La cérémonie d’épousailles mit tout Boutigny sens dessus dessous.

On admira fort les mariés, qui rentrèrent cacher leur bonheur au domicile conjugal, ayant résolu de faire tout simplement un petit voyage à Paris après quelques jours de tête-à-tête.

Il fut charmant, ce tête-à-tête, maître Lebrument ayant su apporter dans ses premiers rapports avec sa femme une adresse, une délicatesse et un à-propos remarquables. Il avait pris pour devise :  « Tout vient à point à qui sait attendre. » Il sut être en même temps patient et énergique. Le succès fut rapide et complet.

Au bout de quatre jours, Mme Lebrument adorait son mari.

Elle ne pouvait plus se passer de lui, il fallait qu’elle l’eût tout le jour près d’elle pour le caresser, l’embrasser lui tripoter les mains, la barbe, le nez, etc. Elle s’asseyait sur ses genoux, et, le prenant par les oreilles, elle disait :  « Ouvre la bouche et ferme les yeux. » Il ouvrait la bouche avec confiance, fermait les yeux à moitié, et il recevait un bon baiser bien tendre, bien long, qui lui faisait passer de grands frissons dans le dos. Et à son tour il n’avait pas assez de caresses, pas assez de lèvres, pas assez de mains, pas assez de toute sa personne pour fêter sa femme du matin au soir et du soir au matin.

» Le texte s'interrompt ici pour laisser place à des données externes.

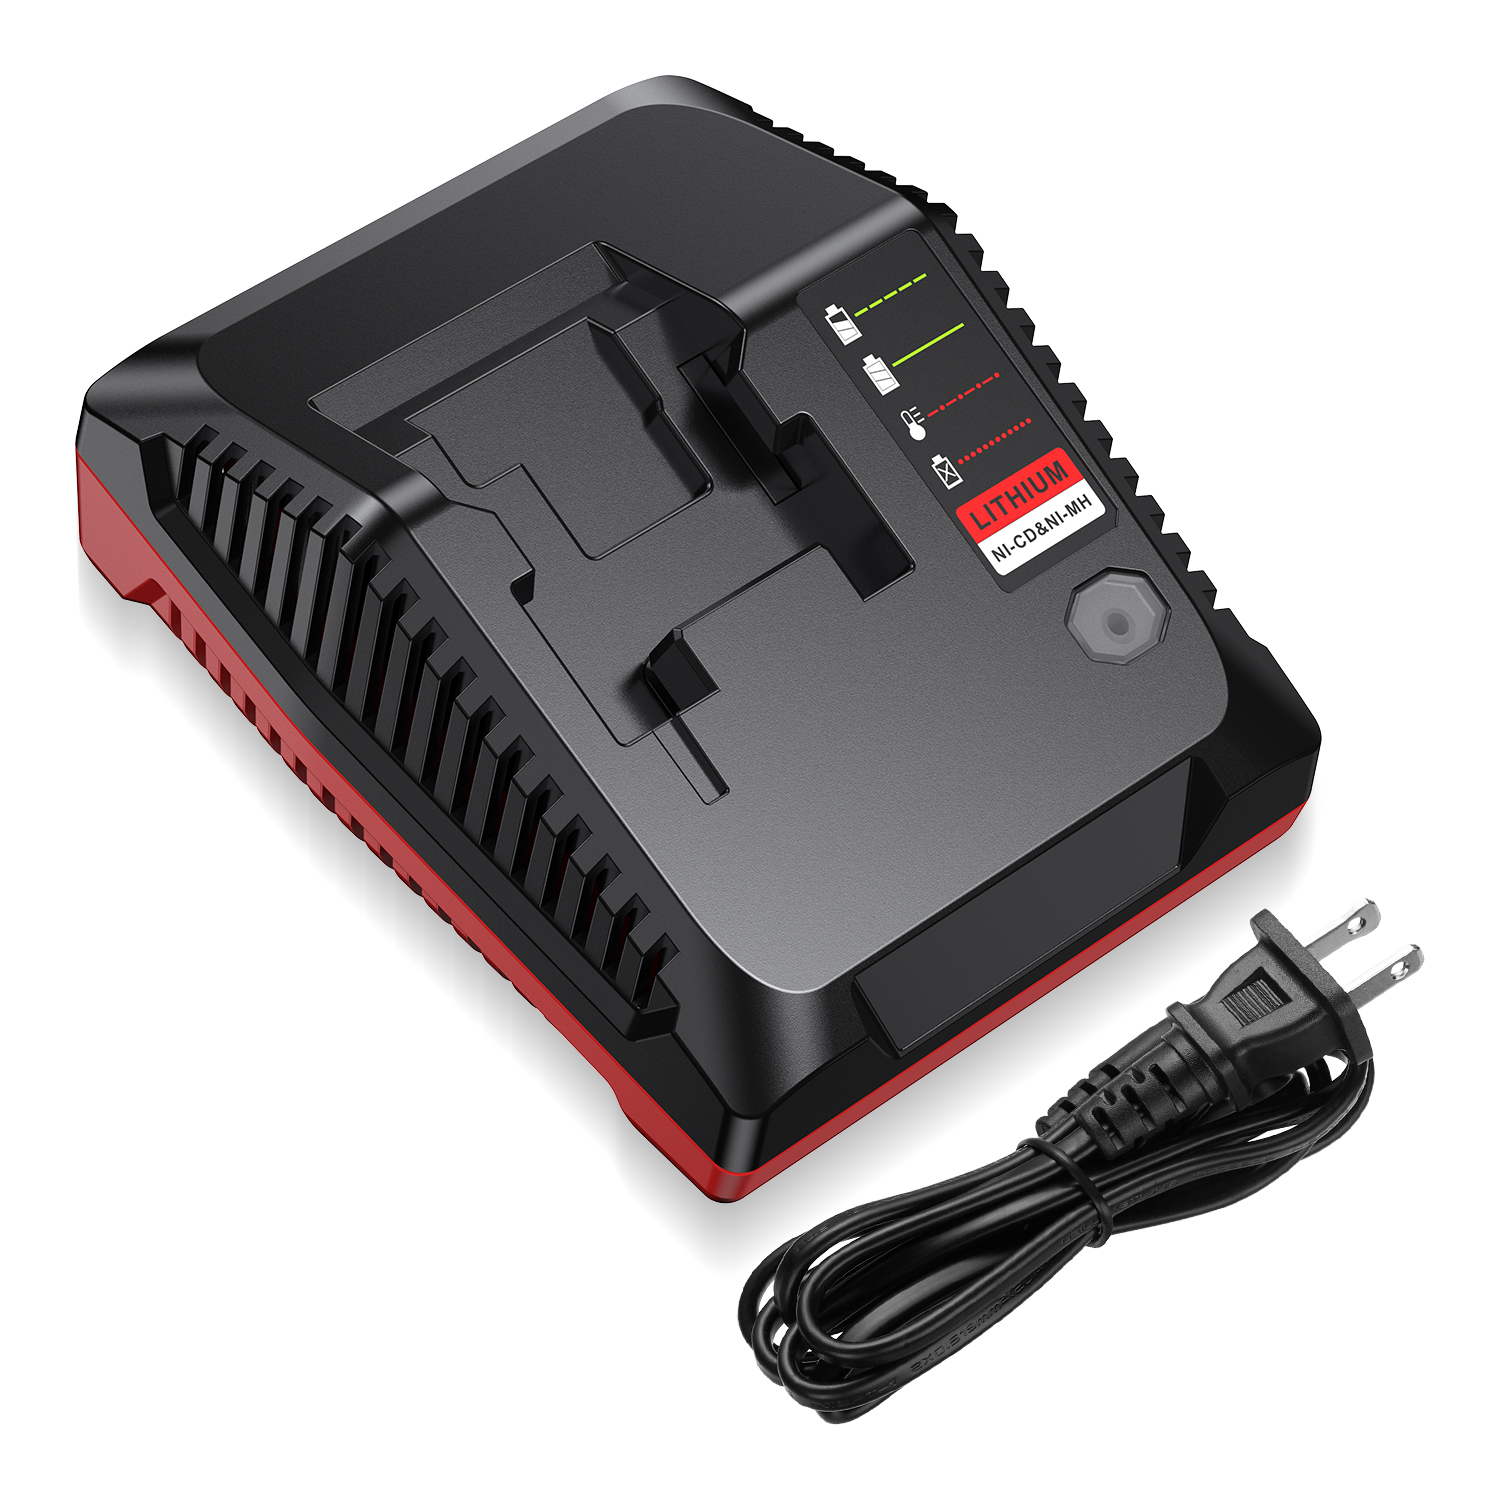 18 Volt NiCd Battery Charger fully Charges A Battery In Just 3 to 5 Hours New

Une fois la première semaine écoulée, il dit à sa jeune compagne :

 « Si tu veux, nous partirons pour Paris mardi prochain. Nous ferons comme les amoureux qui ne sont pas mariés, nous irons dans les restaurants, au théâtre, dans les cafés-concerts, partout, partout. » Elle sautait de joie.

 « Oh ! Oui, oh ! Oui, allons-y le plus tôt possible. » Il reprit :

 « Et puis, comme il ne faut rien oublier, préviens ton père de tenir ta dot toute prête ; je l’emporterai avec nous et je paierai par la même occasion maître Papillon. » Elle prononça :

 « Je le lui dirai demain matin. » Et il la saisit dans ses bras pour recommencer le petit jeu de tendresse qu’elle aimait tant, depuis huit jours.

Le mardi suivant, le beau-père et la belle-mère accompagnèrent à la gare leur fille et leur gendre qui partaient pour la capitale.